On December 21, 2000, Congress enacted the Small Business Reauthorization Act of 2000. Section 811 of that Act added a new section, 8(m), authorizing Federal contracting officers to restrict competition to eligible Women-Owned Small Businesses (WOSBs) or Economically Disadvantaged Women-Owned Small Business (EDWOSBs) for Federal contracts in certain industries. The purpose of this authority, referred to as the WOSB Program, was to enable contracting officers to identify and establish a sheltered market for competition among WOSBs or EDWOSBs for the provision of goods and services to the Federal Government. It would be another 10 years, October 2010, before the SBA would issue a final rule for the implementation of the program.
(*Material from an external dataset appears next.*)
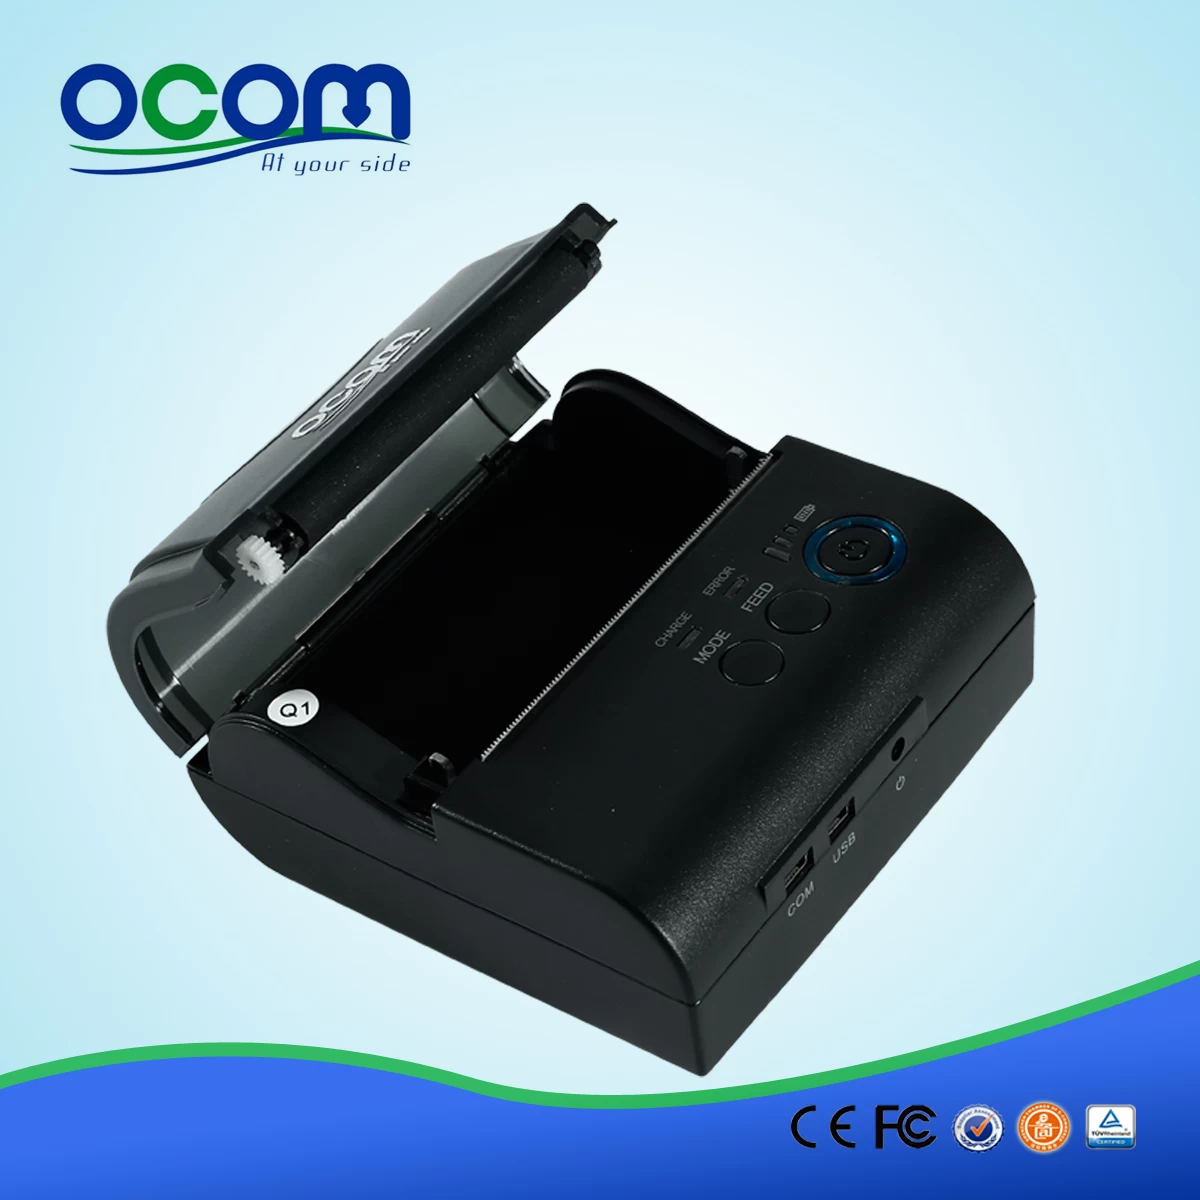 OCPP-M083 80mm papier smartphone bluetooth mini imprimante

The WOSB program went live in February 2011. As a result, contracting officers may now set-aside contracts for EDWOSBs or WOSBS under the program if: (1) there is a reasonable expectation that, in industries in where WOSBs are underrepresented, two or more EDWOSBs will submit offers for the contract or, in industries where WOSBs are substantially underrepresented, two or more WOSBs will submit offers for the contract; and (2) in the estimation of the contracting officer, the contract can be awarded at a fair and reasonable price.

Originally, when the program went live in 2011, contracting officers could only set-aside a requirement under the WOSB program if the anticipated award price of the contract did not exceed $5 million in the case of manufacturing contracts and $3 million in the case of all other contracts. In 2012, SBA amended its regulations to adjust these statutory thresholds for inflation, so the anticipated award prices of the contract awarded under the WOSB Program were increased to $6.5 million in the case of manufacturing contracts and $4 million in the case of all other contracts. Even with this adjustment for inflation, these dollar value restrictions on awards under the program limited a contracting officer’s ability to set-aside contracts for WOSBs or EDWOSBs. As a result, Section 1697 of the National Defense Authorization Act for Fiscal Year 2013, Public Law 112–239, amended the Small Business Act and removed these dollar value limitations.

Earlier this year the House passed the 2015 National Defense Authorization Act. While NDAA always bring some changes, this particular one may represent an important milestone for women owned small business. Included in the 2015 NDAA is an amendment authorizing Woman-Owned Small Business (WOSB) and Economically Disadvantaged Women-Owned Small Businesses (EDWOSB) to receive sole source contracts. If the Senate agrees to the House amendment, and the President signs the bill into law, WOSBs could begin receiving sole source contracts in the not-too-distant future.